Lol, what a good boy!


----------



## Guest (Mar 4, 2009)

lol, great pics....beautiful dog.


----------



## Natik (Mar 9, 2008)

I have to try the same with maya but i have my doubts she will last for as long as cobi did lol 
Thanks for the comments :thumbup:



mckitty said:


> hes not even drooling, what a good boy, are they real bones ?

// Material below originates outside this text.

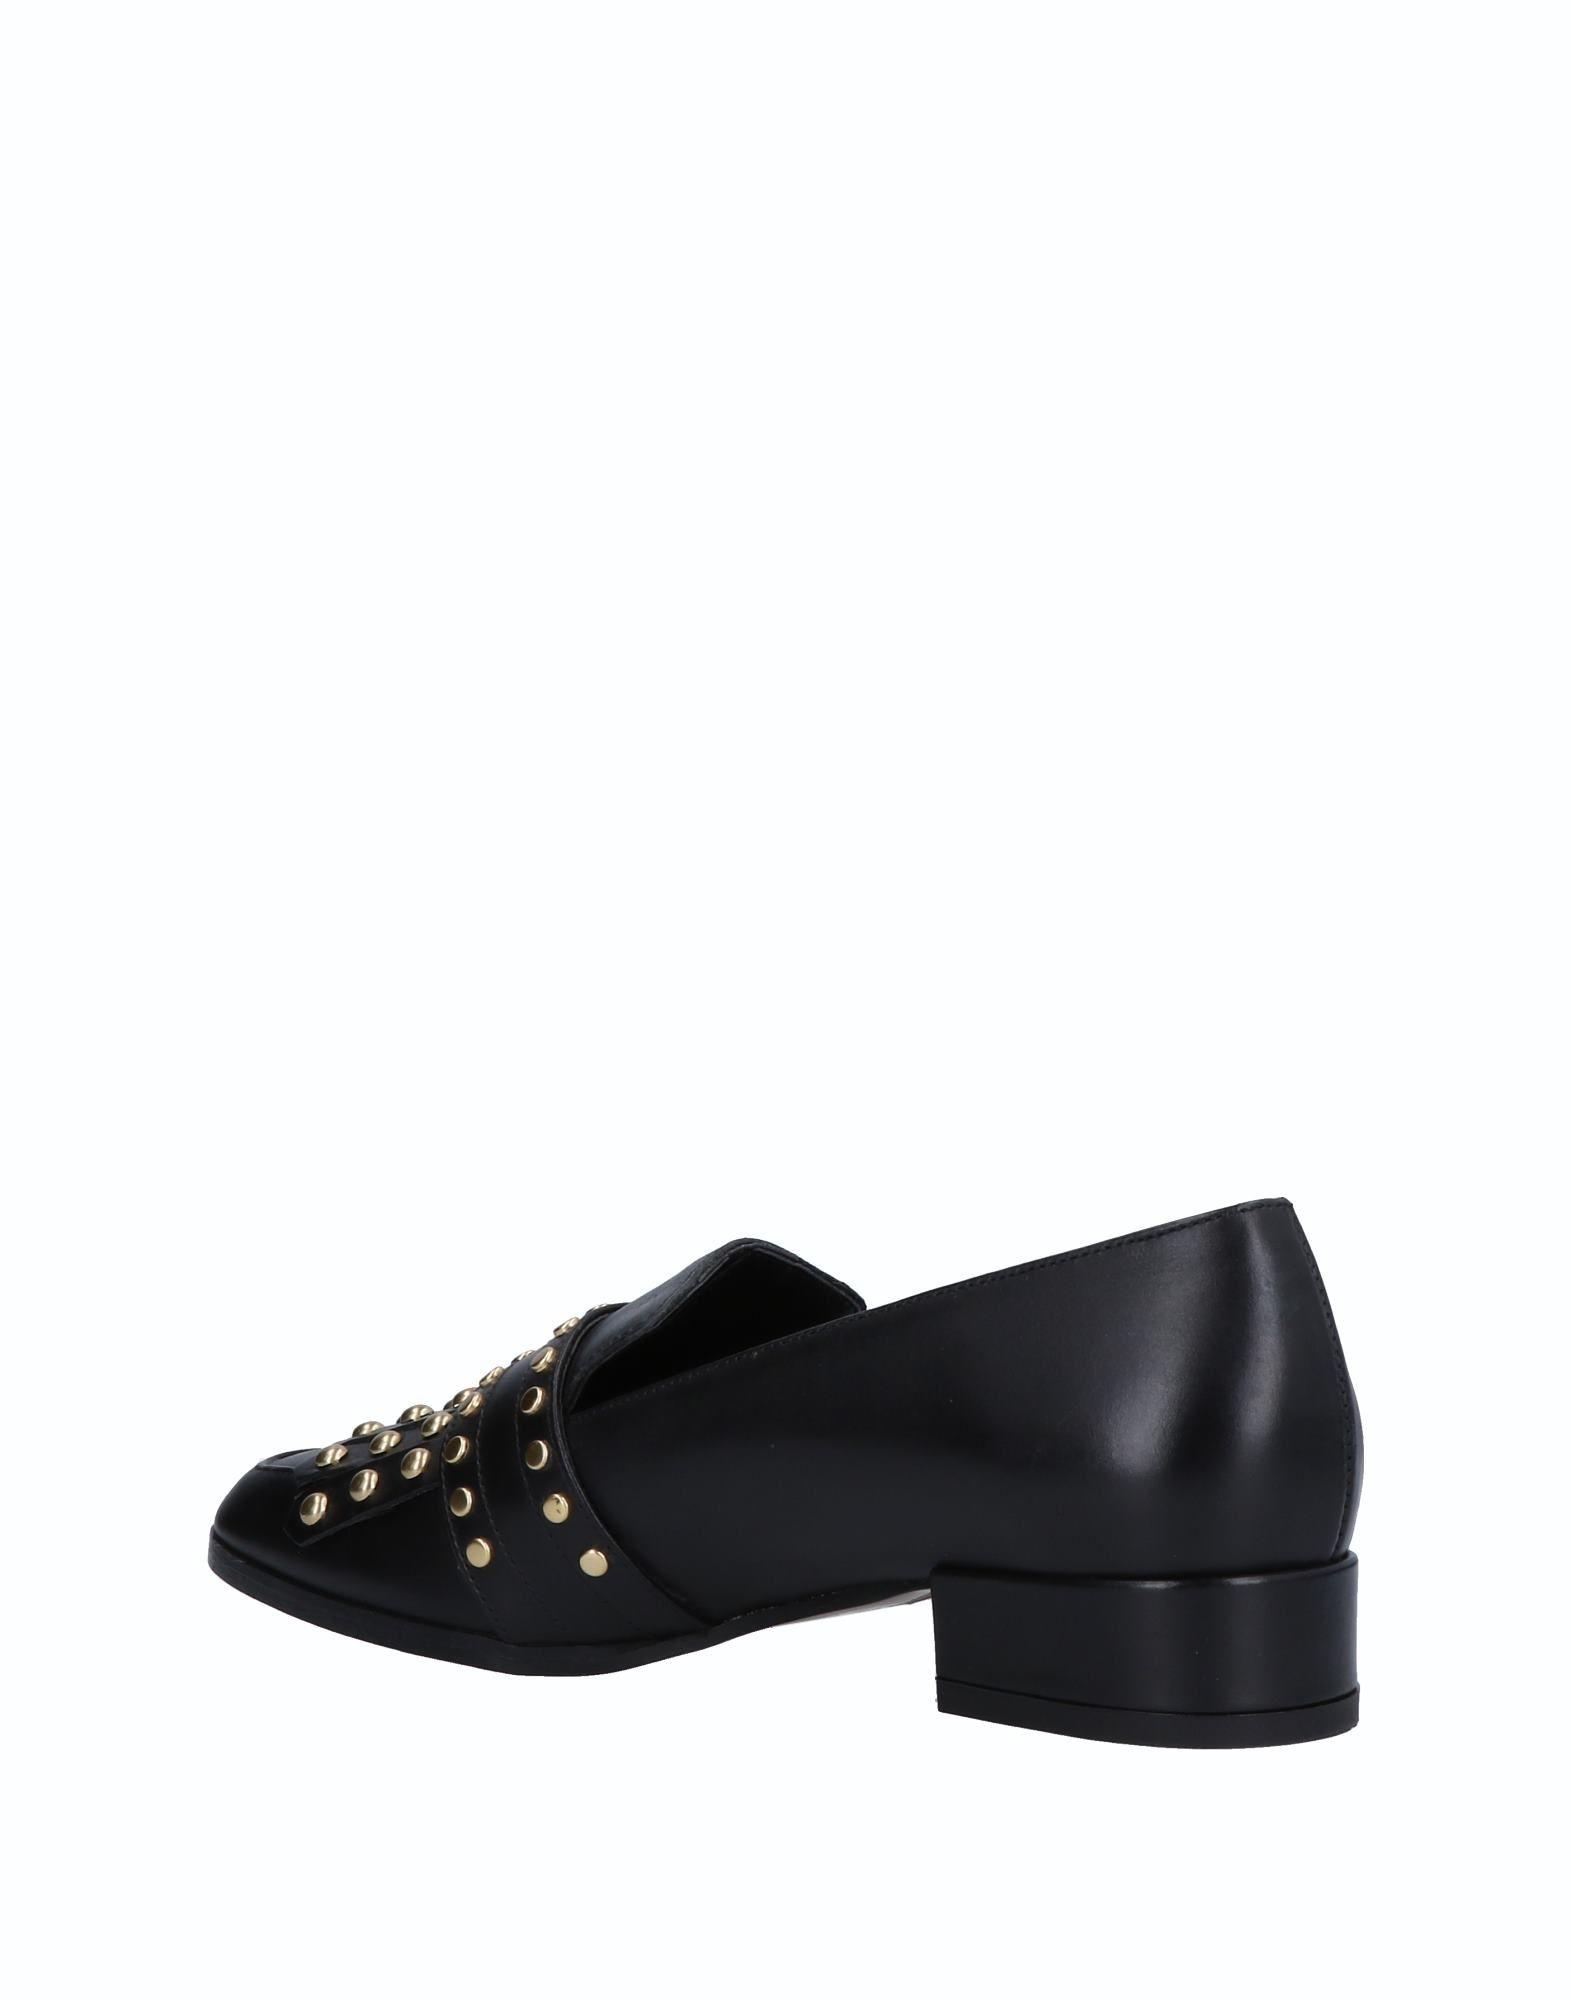 Chambre N°133 Mokassins Damen  11512334DP Gute Qualität beliebte Schuhe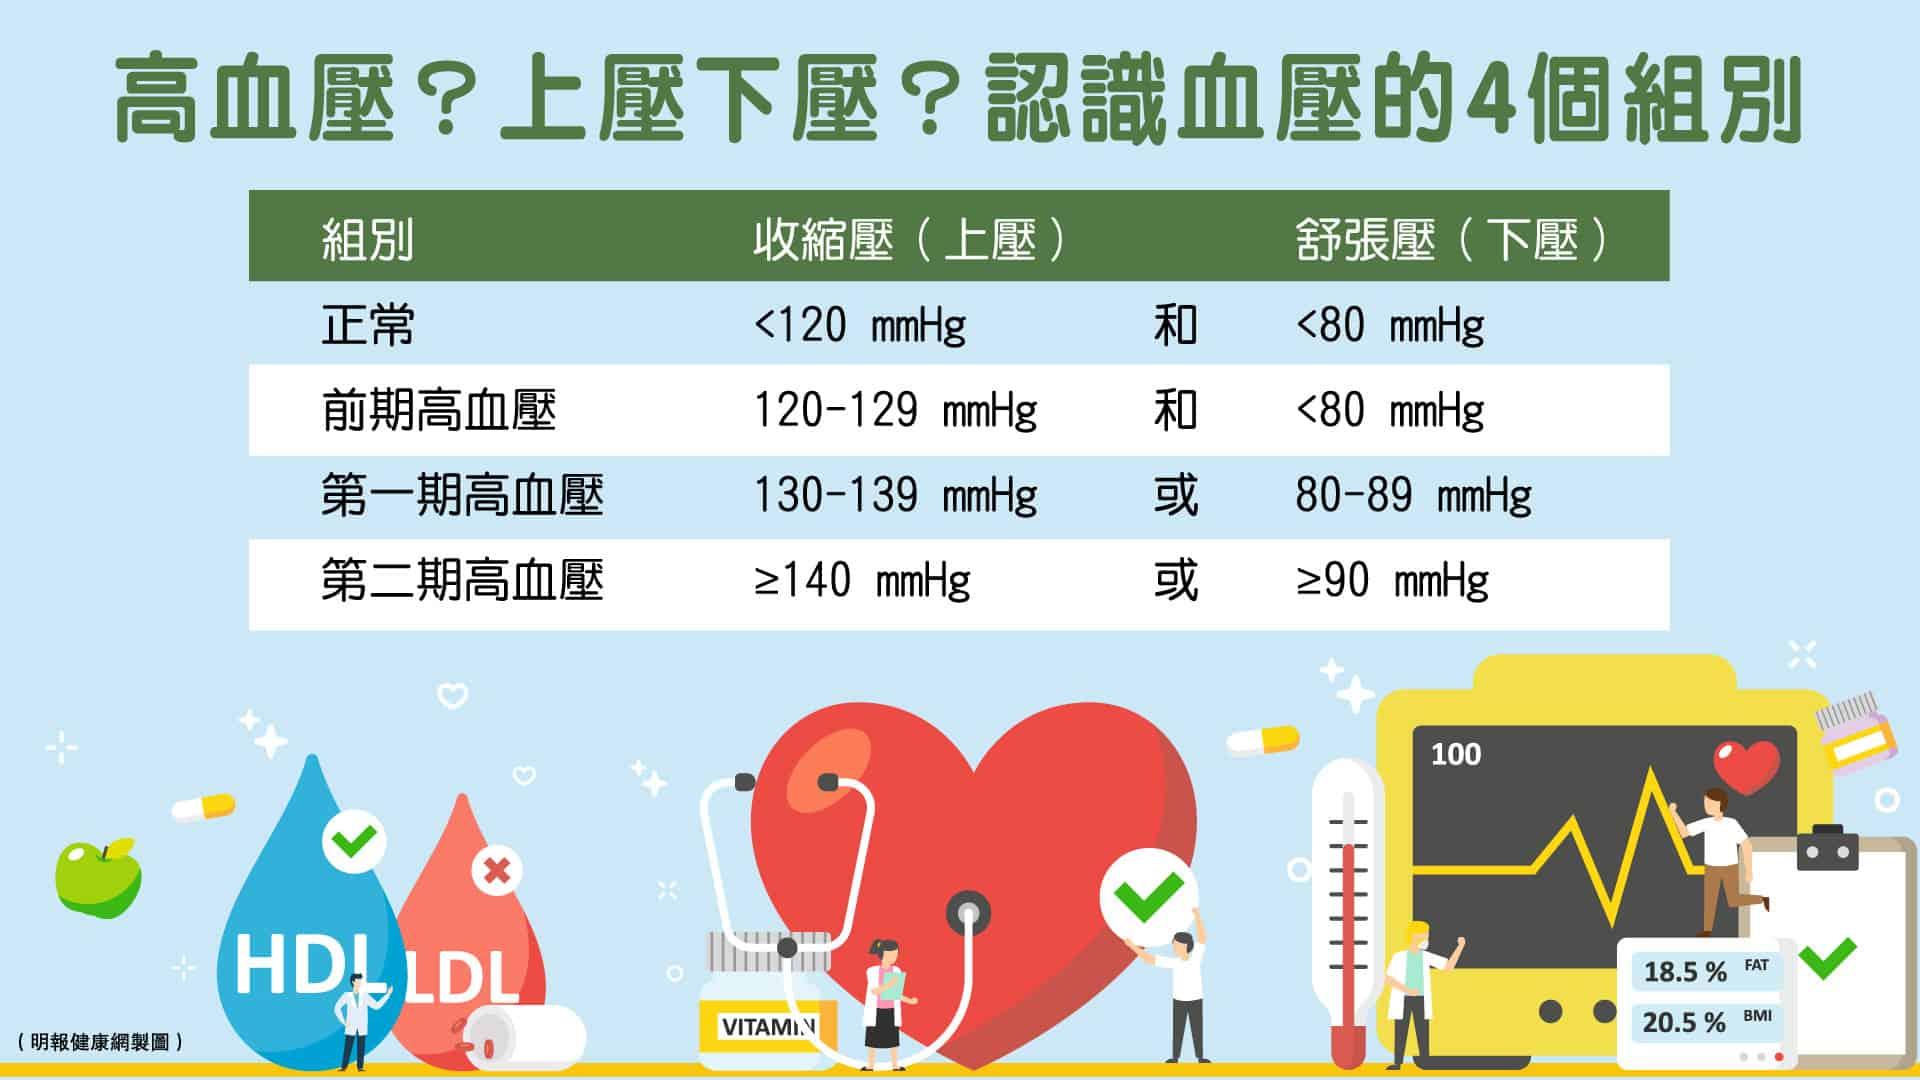 你的血壓水平合符標準嗎?認識血壓的4個組別。

they are the pedigree gravy bones dog biscuits


----------



## Varkhond (Mar 1, 2009)

hahahahahahaah!!!! Great stuff! And incredible handsome dog! :thumbup:


----------



## Pollyanna580 (Mar 4, 2009)

Excellent picture:thumbup::laugh:


----------



## Natik (Mar 9, 2008)

thank u


----------



## Guest (Mar 6, 2009)

He is bootiful natik and so well behaved


----------



## james1 (Sep 21, 2008)

great photos Natik


----------



## Natik (Mar 9, 2008)

thanks  

yes, he can be well behaved but sometimes he is just silly


----------